La pasión es aquello que nos mueve hacia lo que queremos, hacemos con pasión aquello que nos hace sentir una emoción positiva en nuestros sentimientos, es decir, realizar acciones que generen en nosotros una emoción que nos haga sentir una fuerza interior que hará que aquello que estamos realizando lo realicemos de manera que influya positivamente en nuestros sentimientos. Este es uno de los secretos de la vida, actuar en ella con pasión. Si tus emociones son positivas (pasión positiva) será mucho más fácil llegar a aquellas metas que nos hemos propuesto, debes tener en cuenta que todos los sentimientos se desarrollan en nuestro cuerpo por alguna razón pero también hay que entender e identificar la razón por las que nos encontramos en esas condiciones, entender e identificar aquellas emociones que influyen en nosotros de una manera positiva o negativa y que influye en nuestro bienestar.

La pasión según la Real Academia Española es la acción de padecer. La pasión es lo contrario a la acción y ésta no está determinada por la voluntad, es cierto que influye de manera positiva en nuestras acciones, por lo tanto podemos decir que está relacionada. Por ese motivo debemos de tener en cuenta que cuanta más pasión y energía tenemos en lo que estamos realizando mejor nos sentiremos y mayor bienestar tendremos cuando estemos  realizando cualquier acción.

Torre Eifel

Si quieres algo ve a por ello y si te caes, levántate y sigue tu camino para llegar a tu meta. No te rindas, si quieres conseguir una meta, ve a por ella, trabaja por ella, prepárate para llegar a ella de la mejor manera posible y sobretodo siente tu emoción, tu pasión al realizarlo, eso es lo que te va ayudar a que llegues a ello; si tu motivación para realizar una acción es baja o nula, es fácil que rápido te rindas, en cambio si tu motivación es alta, si sientes que tus emociones son altamente positivas y sientes bienestar en tu persona al realizarlo, será más difícil que te rindas.

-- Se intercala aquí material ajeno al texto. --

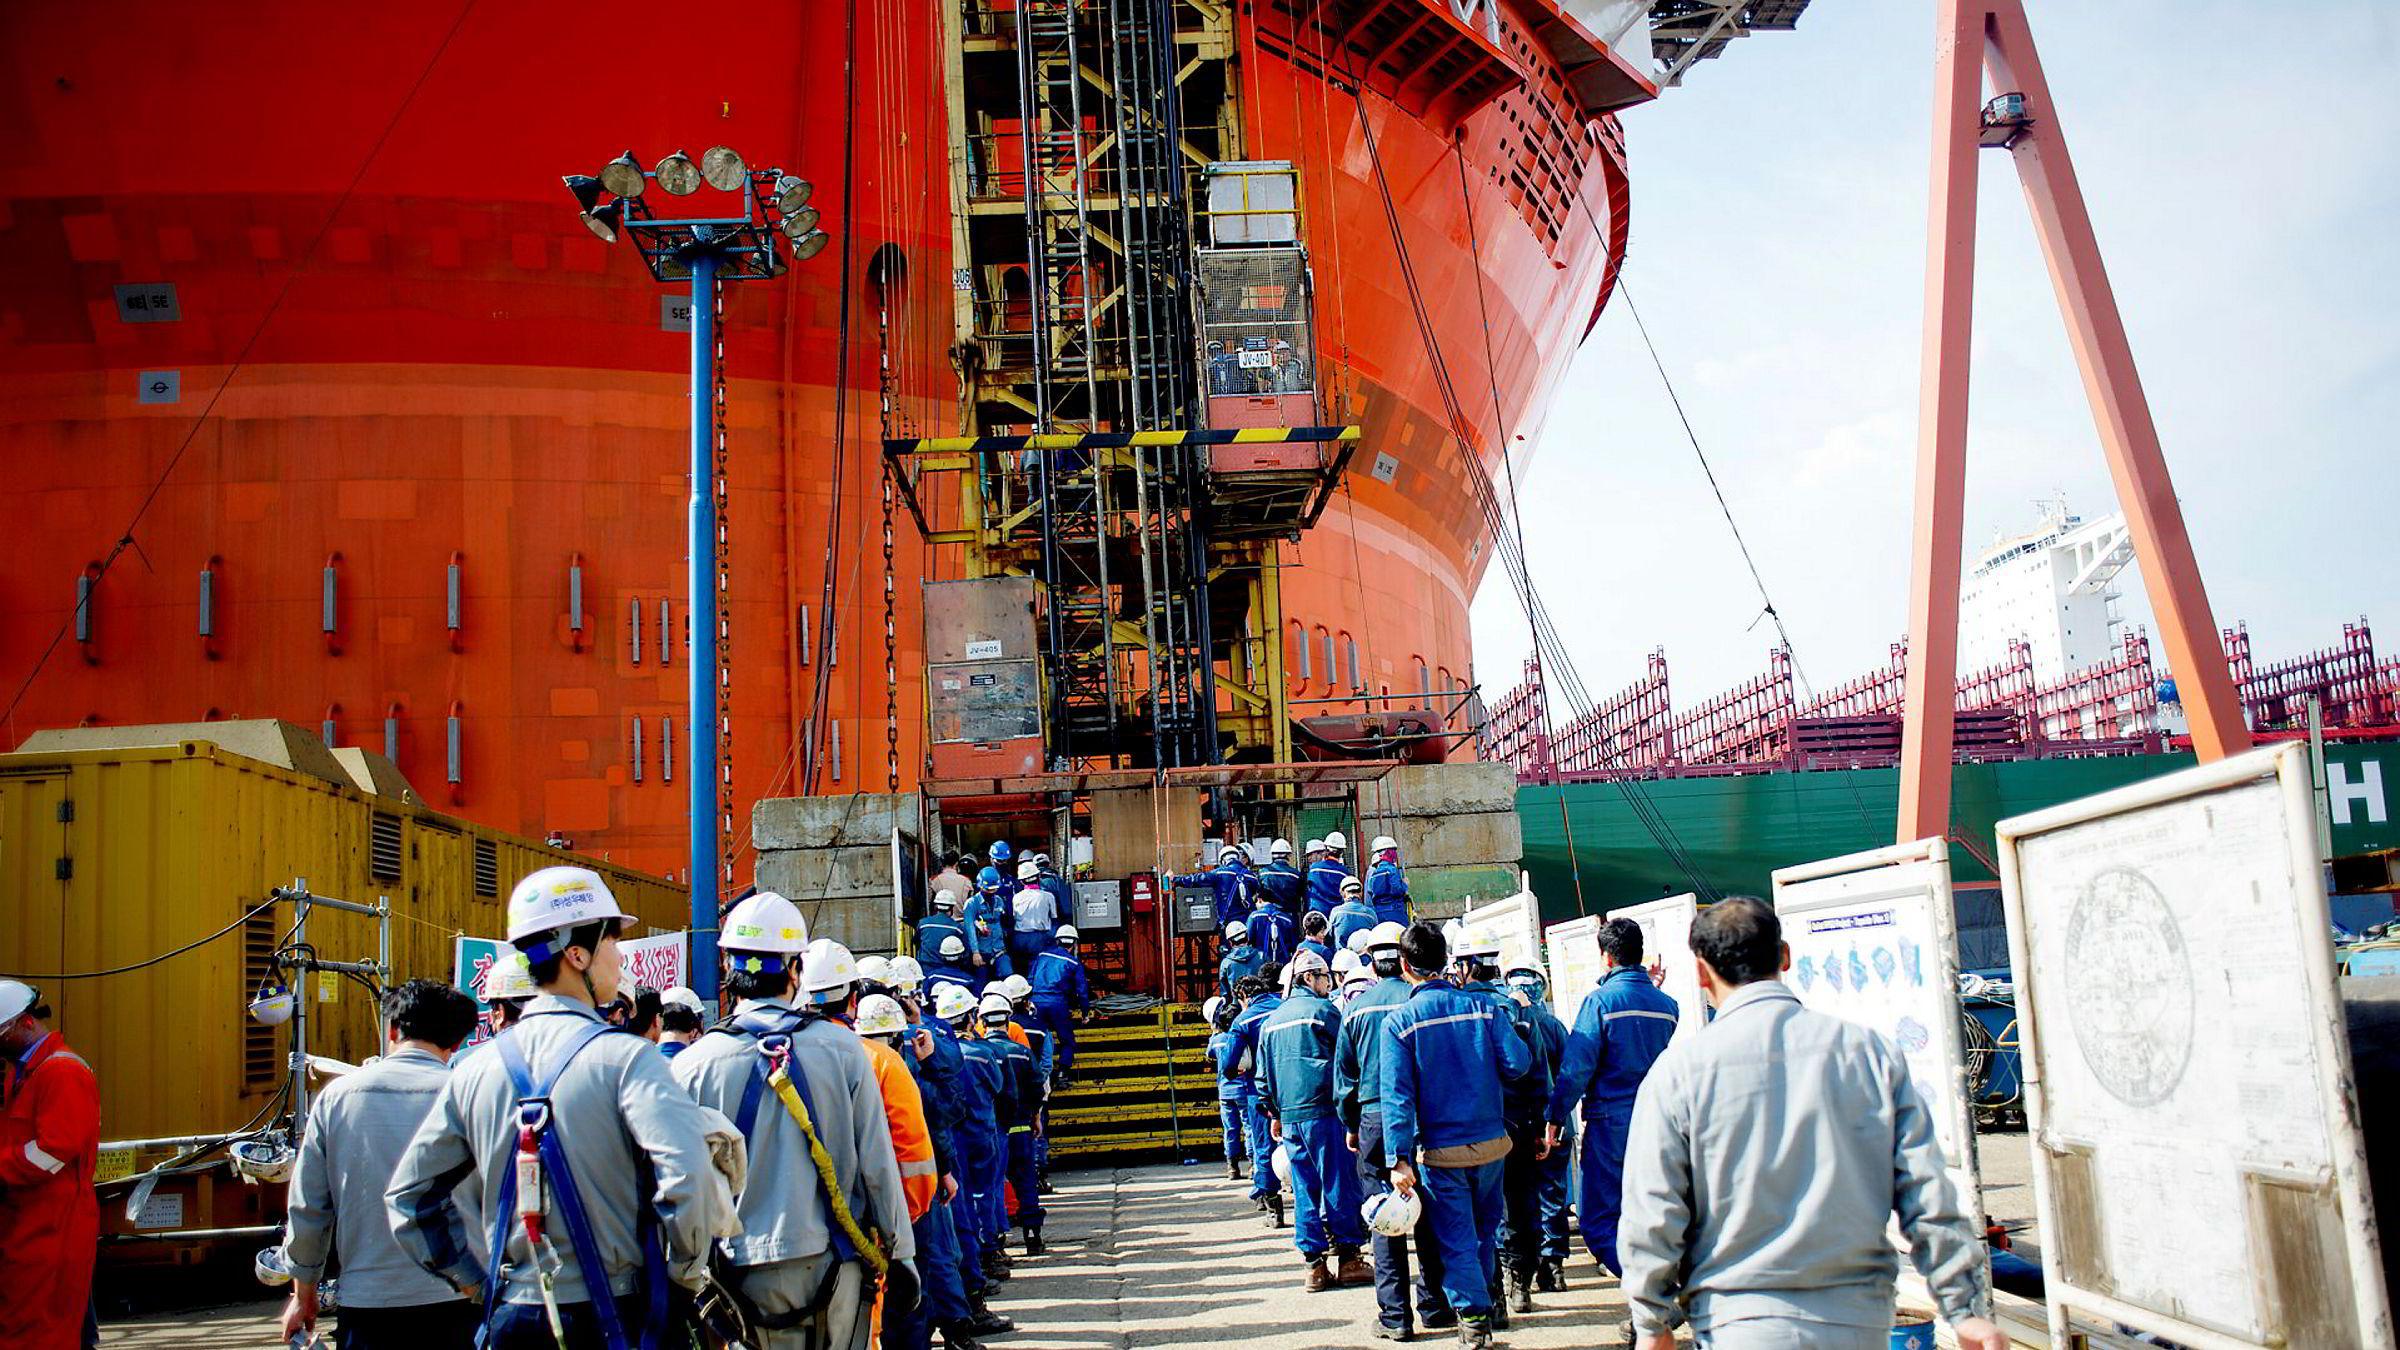 Goliat-flyteren ble bygget på det sørkoreanske verftet Hyundai Heavy Industries. Da DN var på besøk i 2014, jobbet et par tusen arbeidere på overtid med å få problemprosjektet ferdig. Plattformen har slitt tungt med regulariteten etter at den kom på plass på feltet.

La motivación son  los factores externos o internos que influyen en las acciones de una persona, por ese motivo hay que tener en cuenta qué tipo de emociones tenemos al realizar las acciones. Voy a poner un ejemplo que me llamó mucho la atención en una conferencia muy interesante en la que estuve, si tenemos que cruzar por una cuerda que se encuentra entre edificios de cincuenta plantas de altura y en ella hay cincuenta euros, la mayoría de nosotros no cruzaríamos esa cuerda por conseguir ese dinero, no nos sale “rentable” asumir el riesgo de perder nuestra vida por cincuenta euros; en cambio, si en esa cuerda se encuentra nuestr@ hij@ asumiremos ese riesgo o por lo menos haremos lo posible por conseguir cruzarla e ir a salvarl@. La acción es la misma pero la motivación diferente.

La forma en que nuestra mente trabaja es a través de emociones, de sentimientos, por ese motivo si hay una meta a que quieres llegar, no te rindas, jamás te rindas, aunque cueste, aunque el mundo crea que estás loc@, aunque el mundo crea que nunca vas a llegar, ve a por ello y JAMÁS TE RINDAS.

No importa nada más que tu propia meta, jamás te rindas.